> _Data extract_
= = =

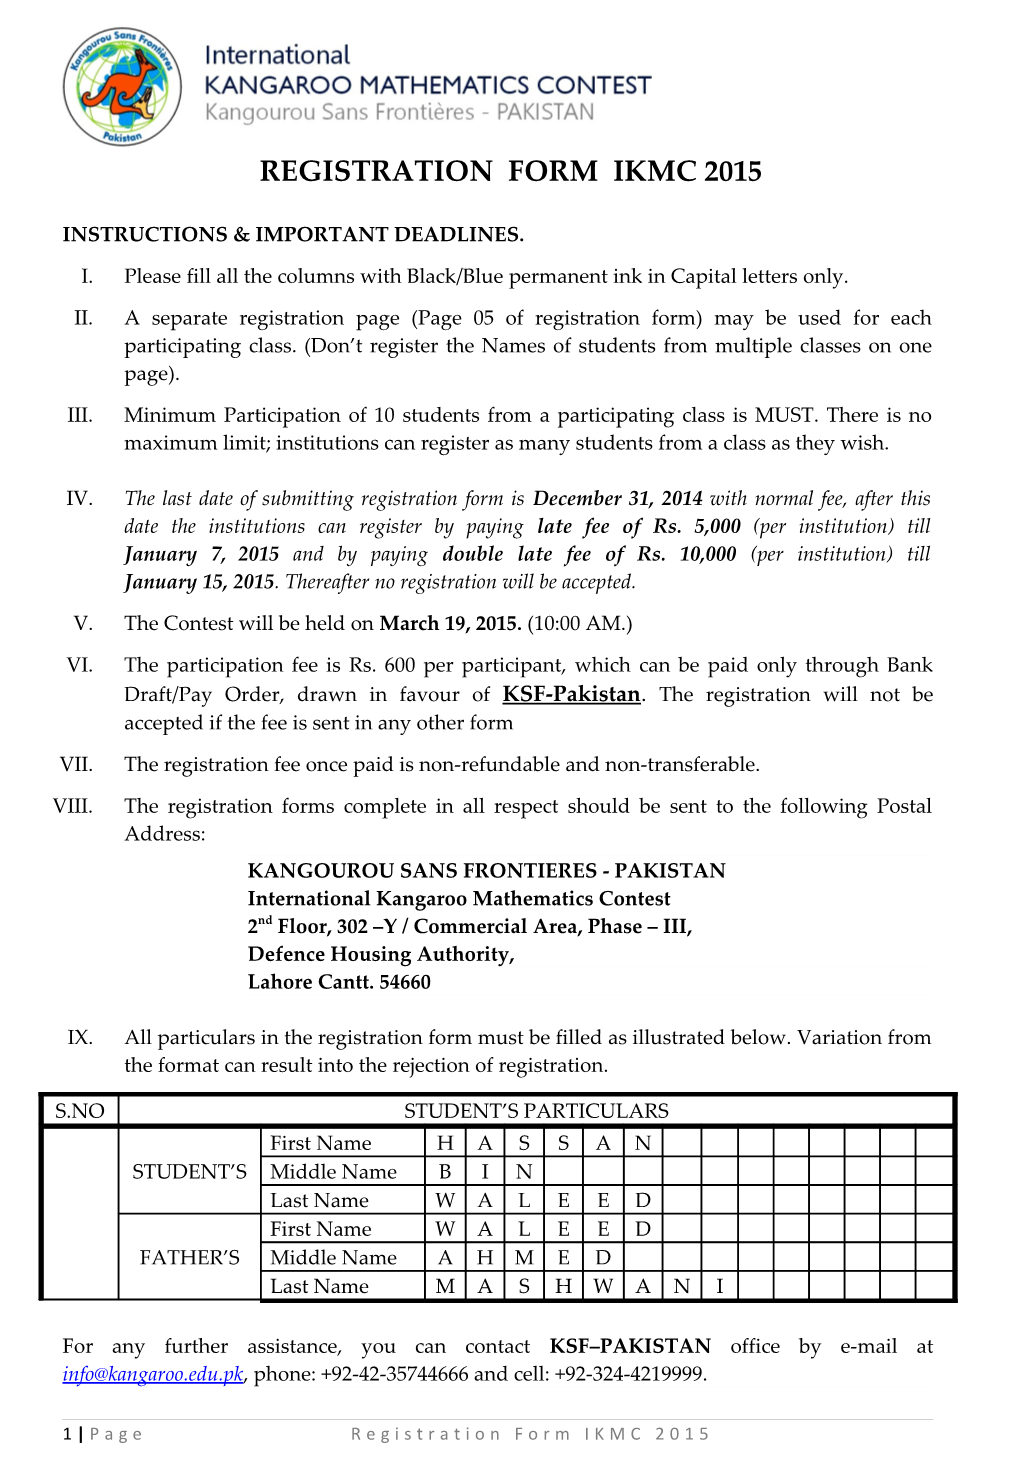 Registration Form Ikmc2015
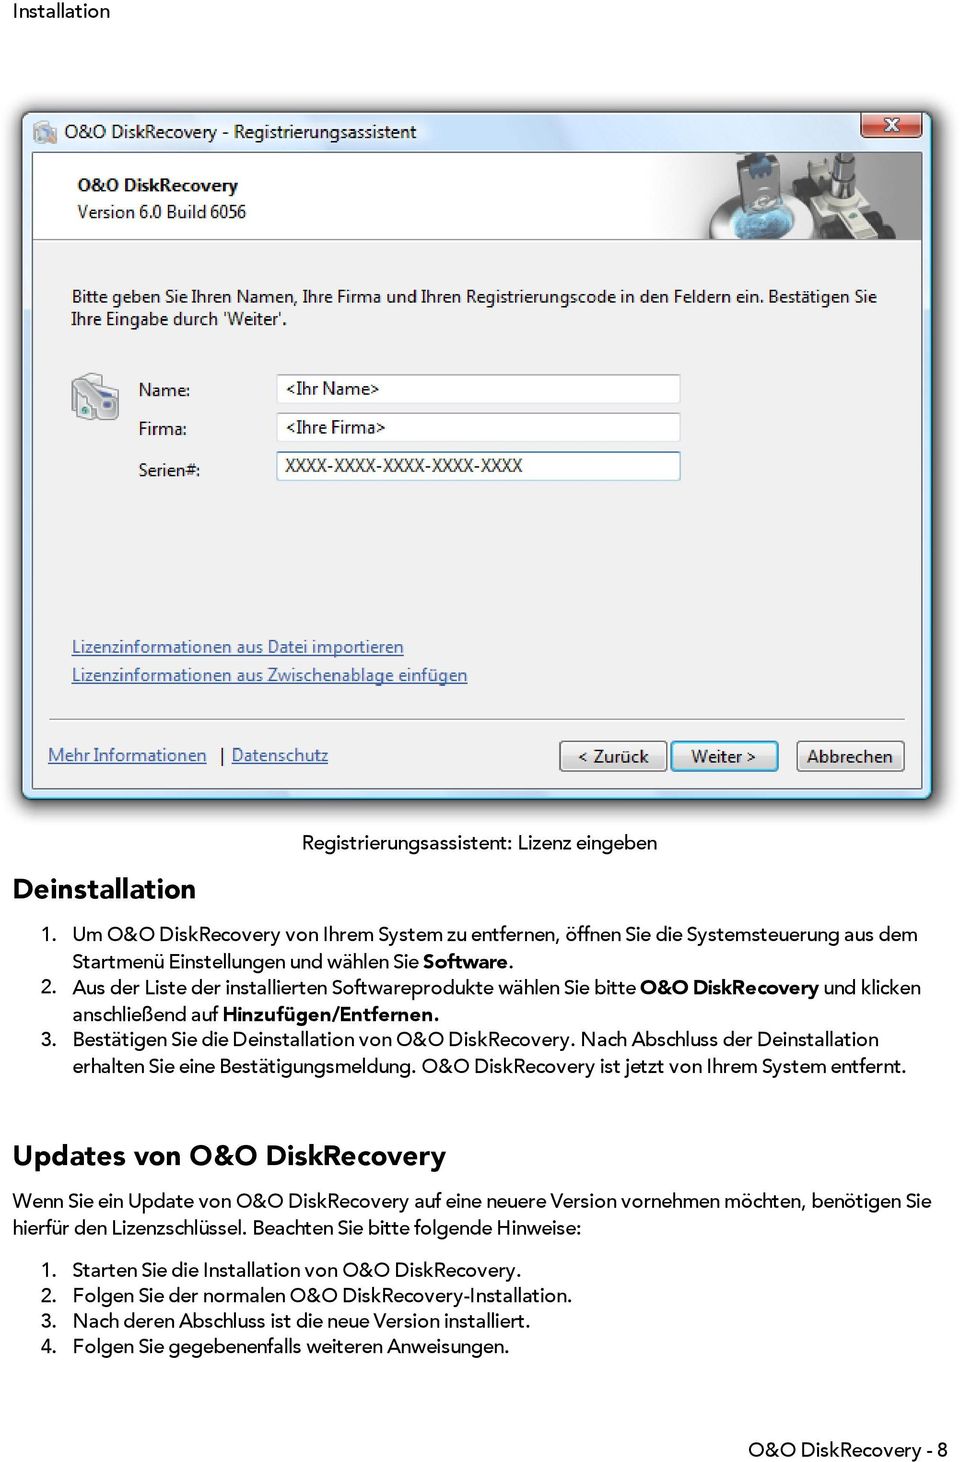 Aus der Liste der installierten Softwareprodukte wählen Sie bitte O&O DiskRecovery und klicken anschließend auf Hinzufügen/Entfernen. 3. Bestätigen Sie die Deinstallation von O&O DiskRecovery.
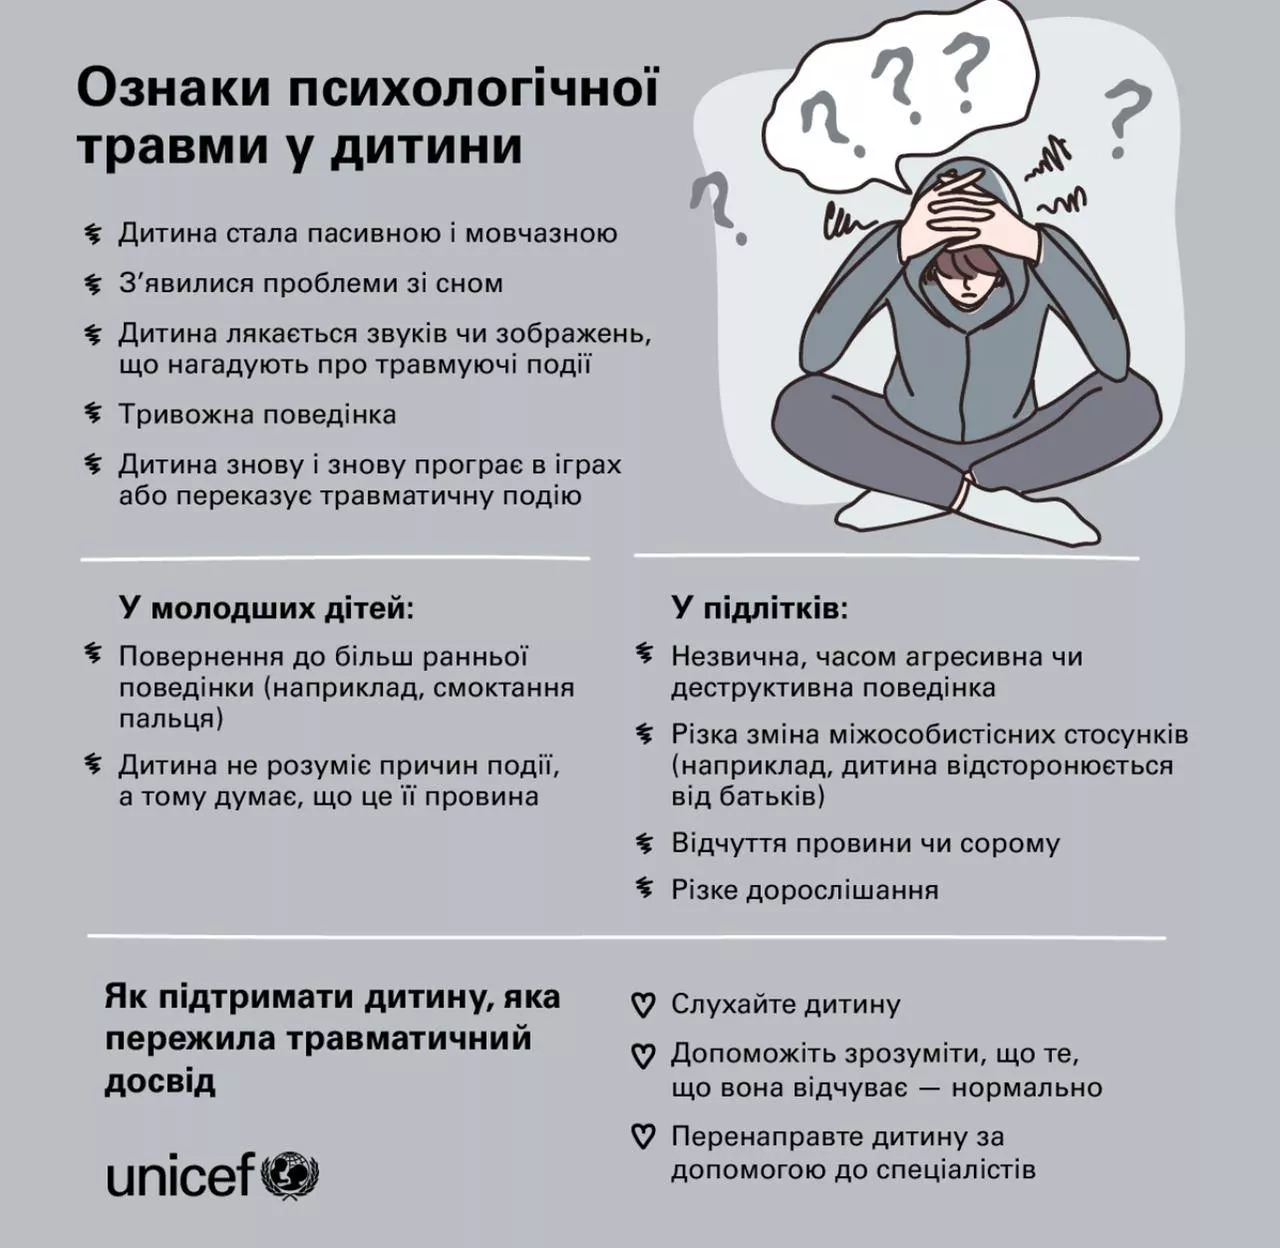 UNICEF выпустили инфографику о психологических травмах у детей и подростков
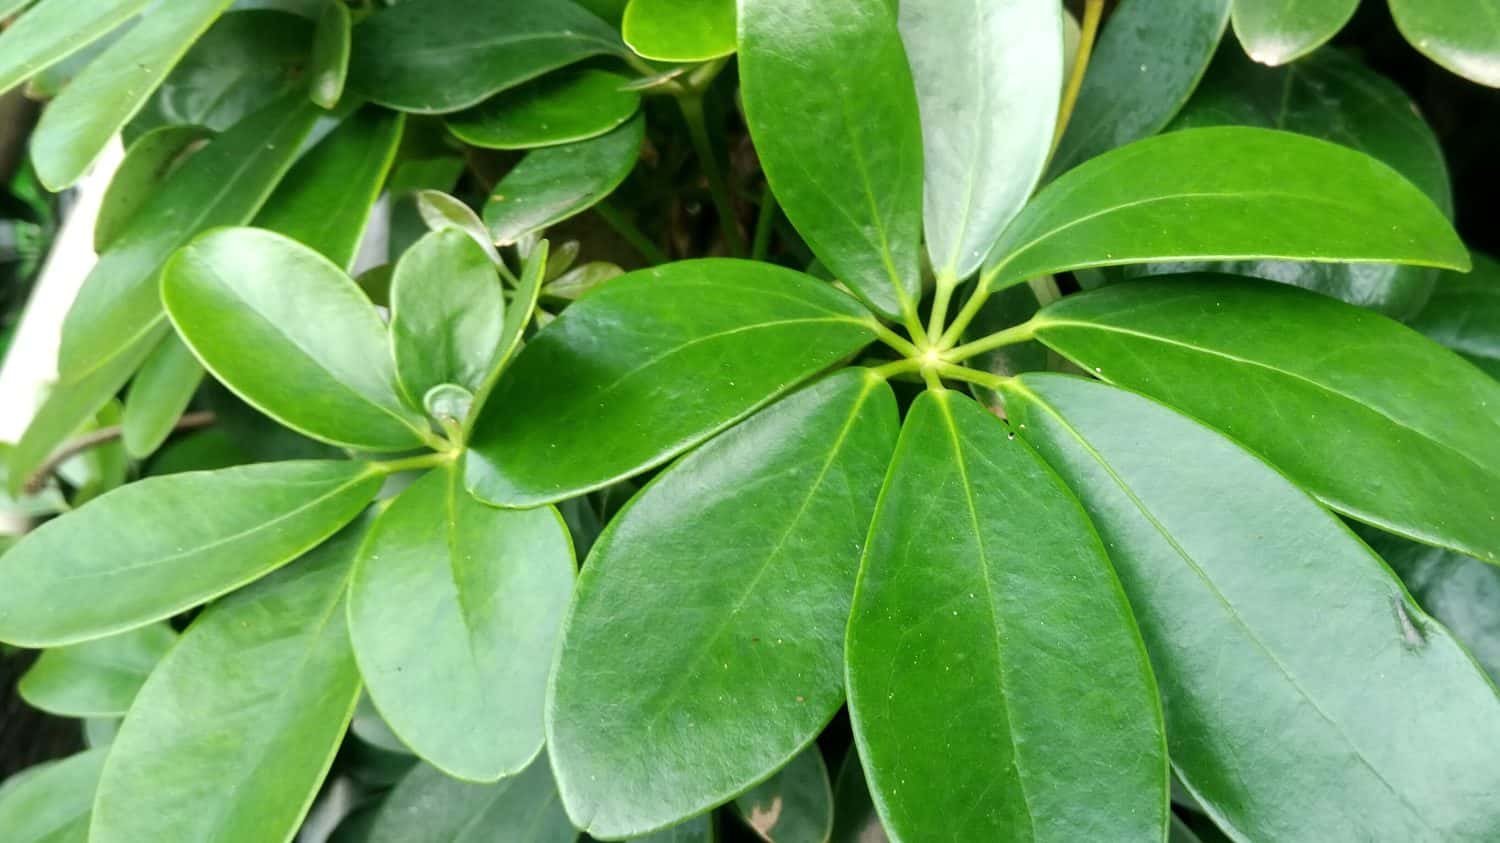 Pianta dell'ombrello (Schefflera heptaphylla) o pianta dell'edera.  In Indonesia è conosciuta come pianta Walisongo.

= = =

> _Aim of the task_
Could you copy the data above exactly, leaving the pictures out?

> _Response to this task_
 Registration Form Ikmc2015
 Aus der Liste der installierten Softwareprodukte wählen Sie bitte O&O DiskRecovery und klicken anschließend auf Hinzufügen/Entfernen. 3. Bestätigen Sie die Deinstallation von O&O DiskRecovery.
 UNICEF выпустили инфографику о психологических травмах у детей и подростков
 Pianta dell'ombrello (Schefflera heptaphylla) o pianta dell'edera.  In Indonesia è conosciuta come pianta Walisongo.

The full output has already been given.